The mapping from tiffz errors and informational findings to
validate's `RoutedFinding` taxonomy lives in
[`docs/tiffz_findings_mapping.md`](docs/tiffz_findings_mapping.md) —
copy the snippet at the bottom into validate's
`src/core/tiffz_shim.zig` to wire it up.
`build.zig.zon` dep stanza:
```zig
.tiffz = .{
.url = "git+https://github.com/pmarreck/tiffz#",
.hash = "", // run `zig build --fetch=all` to fill in
},
```
## Architecture
```
Any consumer (validate / image tools / GUI) ──► C FFI ──► tiffz Zig core (pure, no I/O)
```
- **Zig core** (`src/`) — pure decoder logic. Operates on byte
slices and `Source` (the I/O-shape abstraction). No I/O performed
by the core itself.
- **C FFI** (`src/ffi.zig` + `include/tiffz.h`) — the real public
API for non-Zig consumers. Currently a scaffold
(`tiffz_version` exported); the Zig-module path
(`b.dependency("tiffz").module("tiffz")`) is what validate
consumes today.
- **C CLI** (`cli/main.c` → `tiffz` executable) — dogfoods the
FFI. All I/O happens here.
### Dependencies
- [`pmarreck/jpegz`](https://github.com/pmarreck/jpegz) — JPEG
codec (currently wraps libjpeg-turbo + openjpeg; cleanroom in
progress)
- [`pmarreck/zstdz`](https://github.com/pmarreck/zstdz) — ZSTD
codec (wraps vendored facebook/zstd C library)
- System zlib (via `flake.nix` `buildInputs`)
### Algorithmic discipline
All hot-path math is integer / fixed-point.
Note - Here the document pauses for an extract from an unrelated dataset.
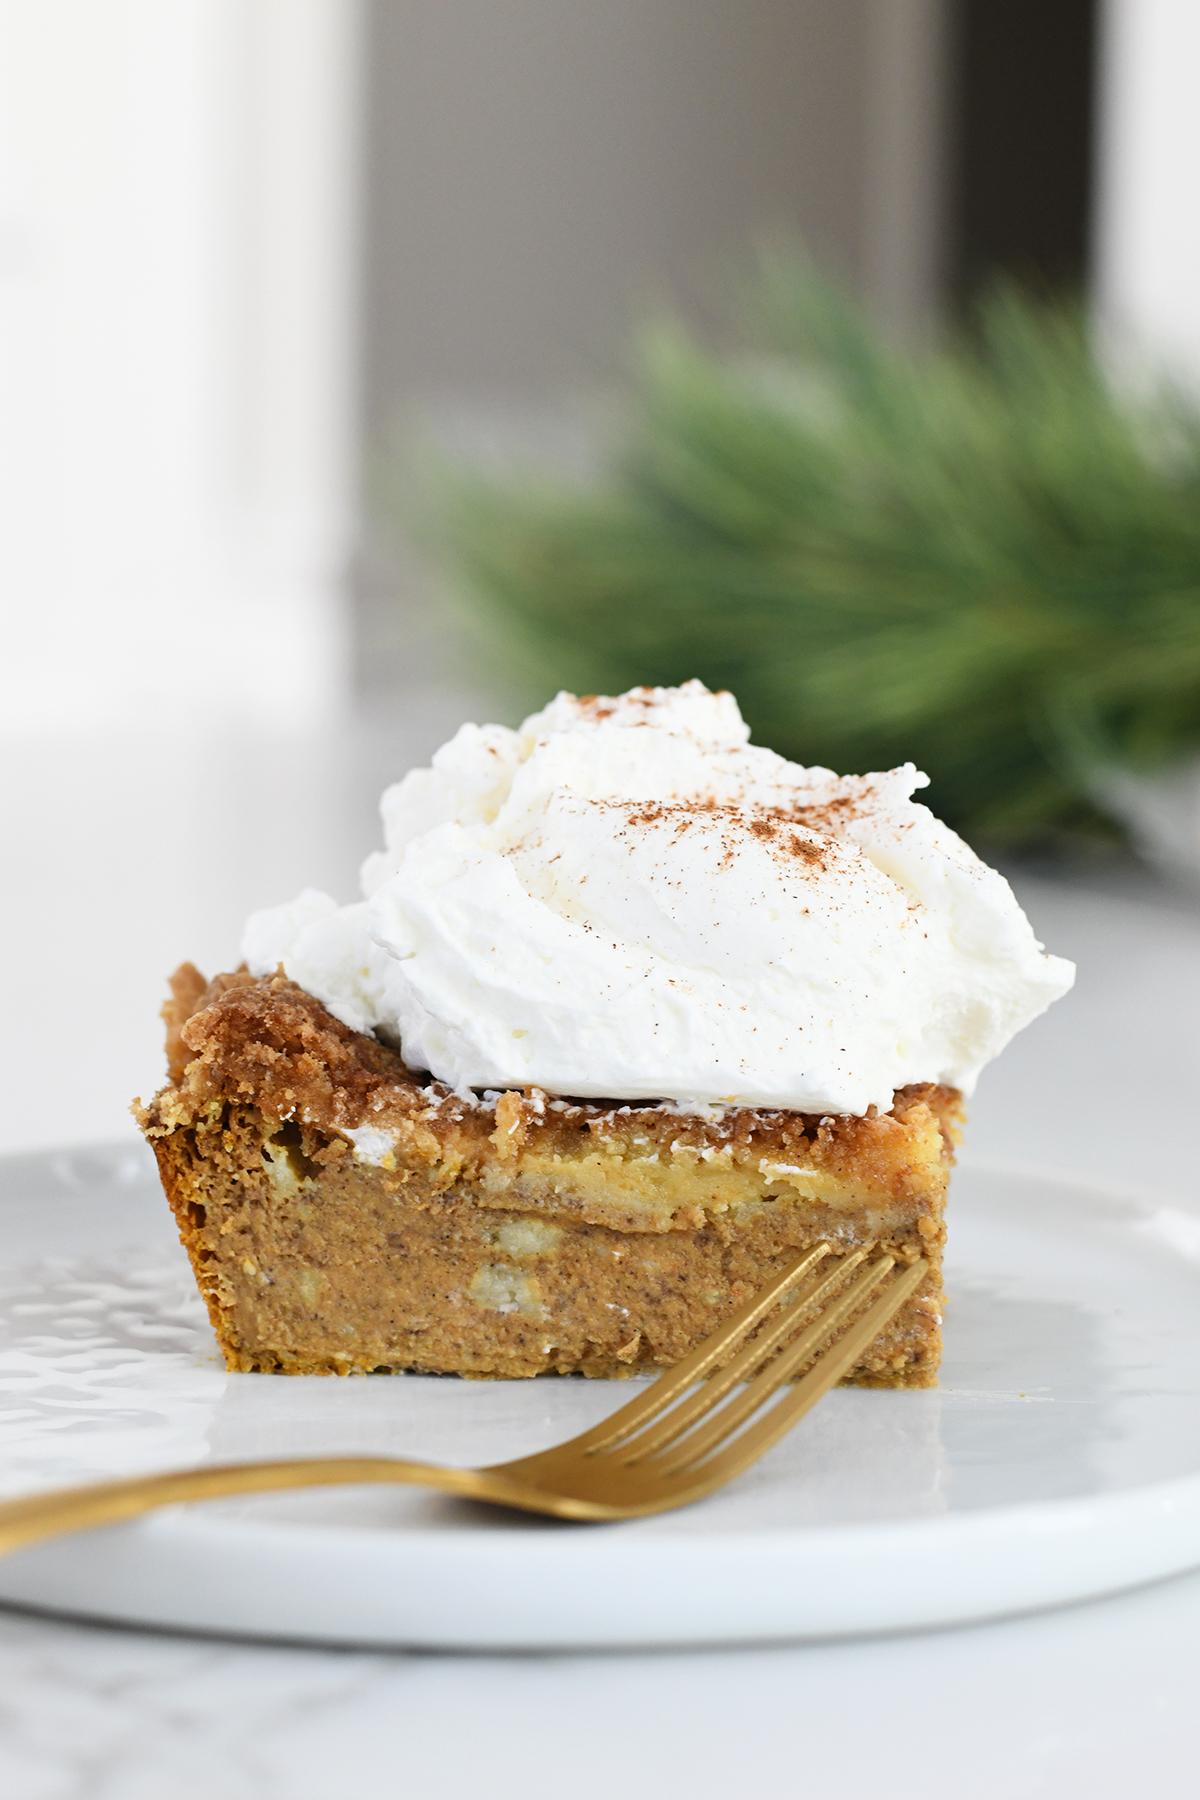 A delicious pumpkin dessert for Thanksgiving

The YCbCr inverse uses
Q16 coefficients matching libtiff's `TIFFYCbCrToRGBInit` byte-exact;
the CIELAB pipeline uses Q24 fixed-point matrix multiplications
with comptime-generated LUTs for the L_byte→Y_d50 and sRGB-gamma
nonlinearities. The only floating-point in the codebase is inside
`comptime` initializers (LUT generation) — runtime is 100% integer.
## Testing
```bash
./test # runs the entire sandboxed Nix-derivation test suite
# (unit tests + integration fixtures + CLI tests)
./build # builds via `nix build`
```
Real-fixture oracle tests live in `tests/fixtures/` with byte-exact
RGBA oracles. Each oracle is generated by either ImageMagick or
libtiff `tiff2rgba` — whichever is the spec-canonical reference for
the codec / photometric in question, documented per-test. (For
YCbCr-derived photometrics tiffz matches `tiff2rgba` byte-exact;
ImageMagick's Q16-internal chroma upsampling drifts ±1 LSB and
isn't the canonical reference.)
## License
MIT. See [`LICENSE`](LICENSE).
### Cleanroom legal hygiene
Implementation derived strictly from published specs. libtiff and
other GPL / LGPL code may be used as a black-box oracle for
verification but may not be copied or transcribed. See
[`CLEANROOM_LEGAL_PACKET.md`](CLEANROOM_LEGAL_PACKET.md).